El primero en señalarme que esto era así fue el propio Todorov. Porque él mismo siempre fue difícil de clasificar en su forma de pensar, como yo. Todorov, en términos amplios, podría ser considerado un humanista de libro, de los que ya no existen: licenciado en Letras, escribió sobre historia, filosofía, historia de las ideas, política, literatura y arte pictórico, entre otras cosas. En el mundo tan encasillado que tenemos hoy, él habló de que no se podía uno rendir al estructuralismo como si fuera la única verdad existente. Muchas de sus lecturas me hacían pensar en que, en realidad, los sistemas de aprendizaje estructurados no es que hubieran sido siempre inútiles: fueron útiles para otro mundo, para otra civilización que ya no existía. El método había sido válido para el mundo de la industrialización, pero ya no habitábamos ese mundo. Nosotros no éramos ya los que habían existido antes.

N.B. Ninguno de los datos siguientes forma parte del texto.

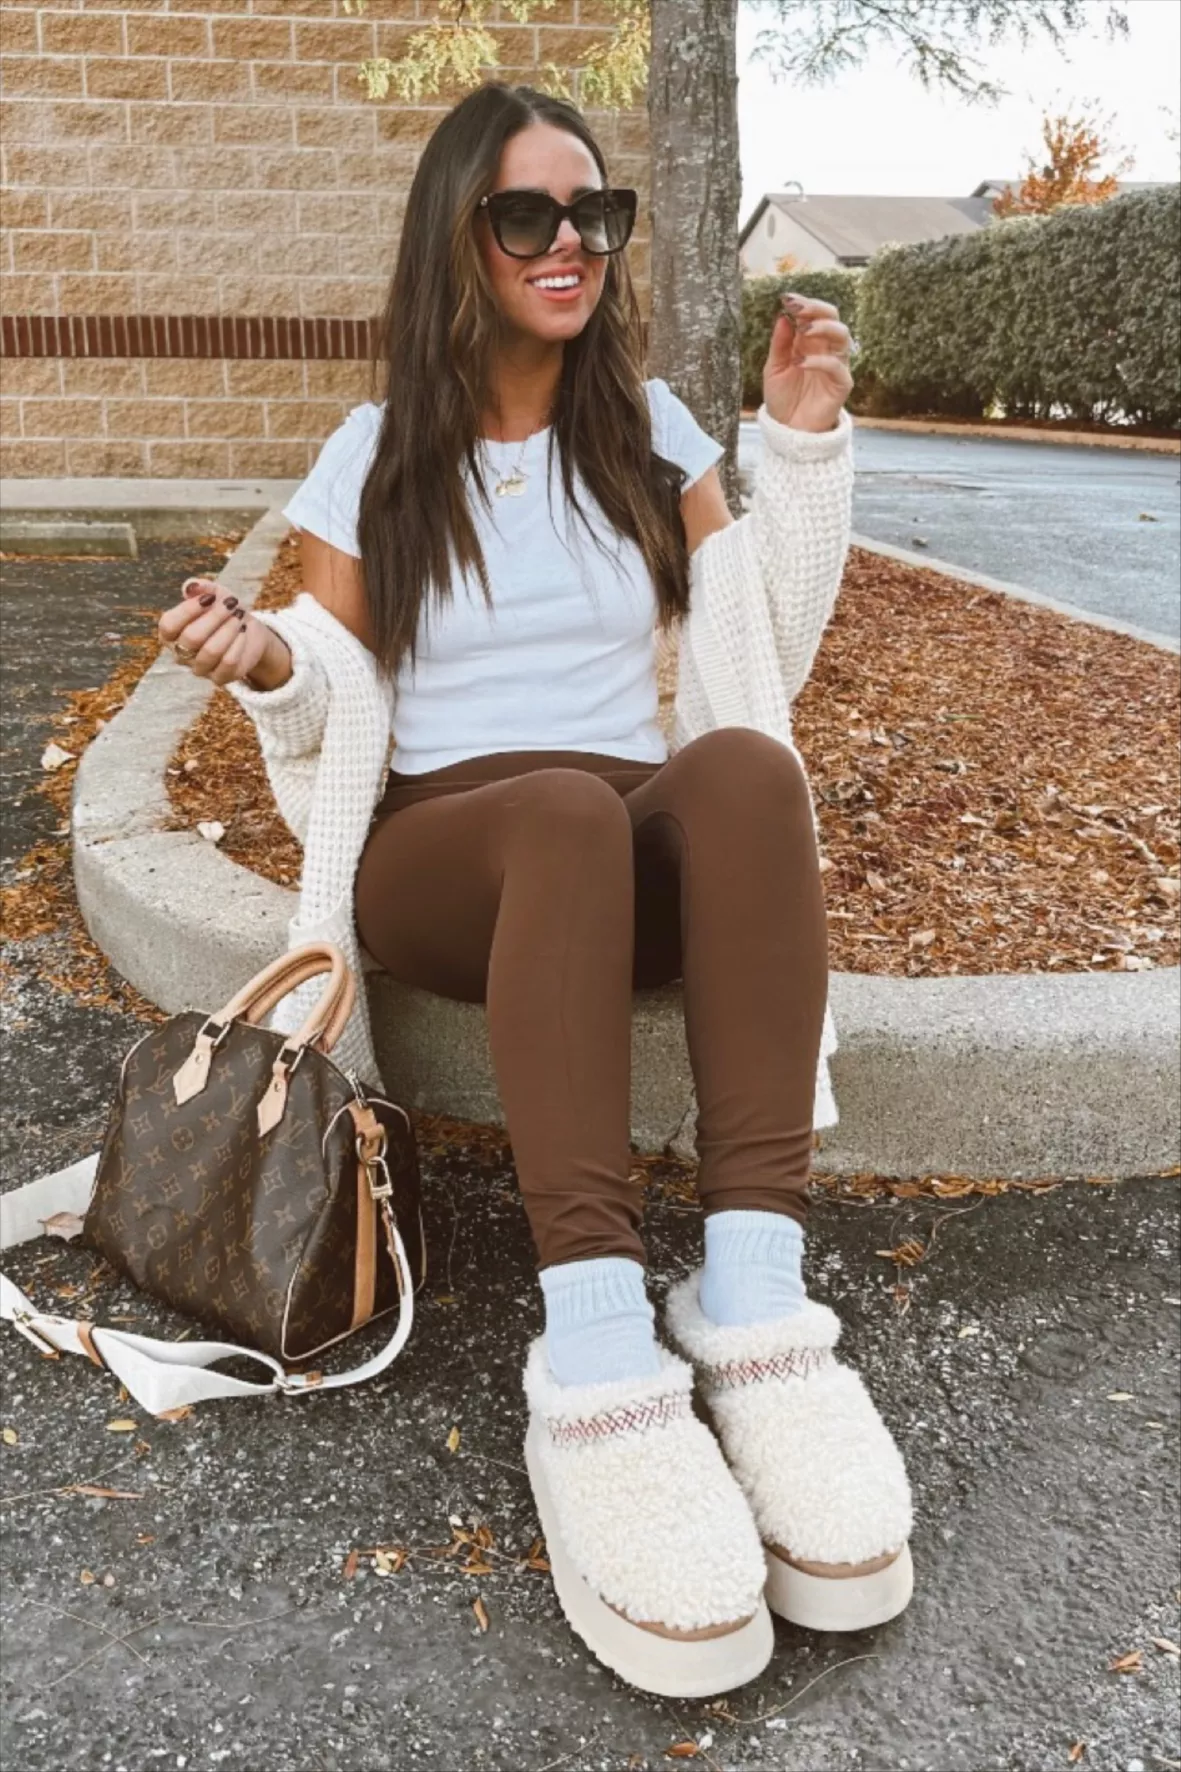 Beige Uggs with Leggings Relaxed Fall Outfits (3 ideas & outfits

Por supuesto, hay muchos que no coinciden con él. Pero a Todorov, a su abundancia de argumentos, y a la solidez de ellos, es difícil rebatirle. Es difícil acusarle de siervo del postmodernismo o alguna burrada similar. Era un pensador que, principalmente, se dedicaba al papel del ser humano en su mundo, en la trama interna e invisible de conceptos, ideas y razonamientos que constituyen la sociedad. Muchas veces daba en el mismo clavo de lo que iba mal en el mundo, y a mi naturaleza de cristiana aquellas explicaciones visibles de la presencia del pecado me consolaban. Otras veces, no obstante, hablaba de la belleza que seguía entretejida con ese mal y esa desesperanza, con la capacidad del hombre de crear cosas y conceptos asombrosos, y aun profundizaba más mi admiración al comprobar cómo encajaba eso con el concepto bíblico del mal y del bien que conviven en nosotros, uno reflejo de nuestra naturaleza caída, pero el otro reflejo de la imparable necesidad del ser humano de emular la imagen de Dios en él. 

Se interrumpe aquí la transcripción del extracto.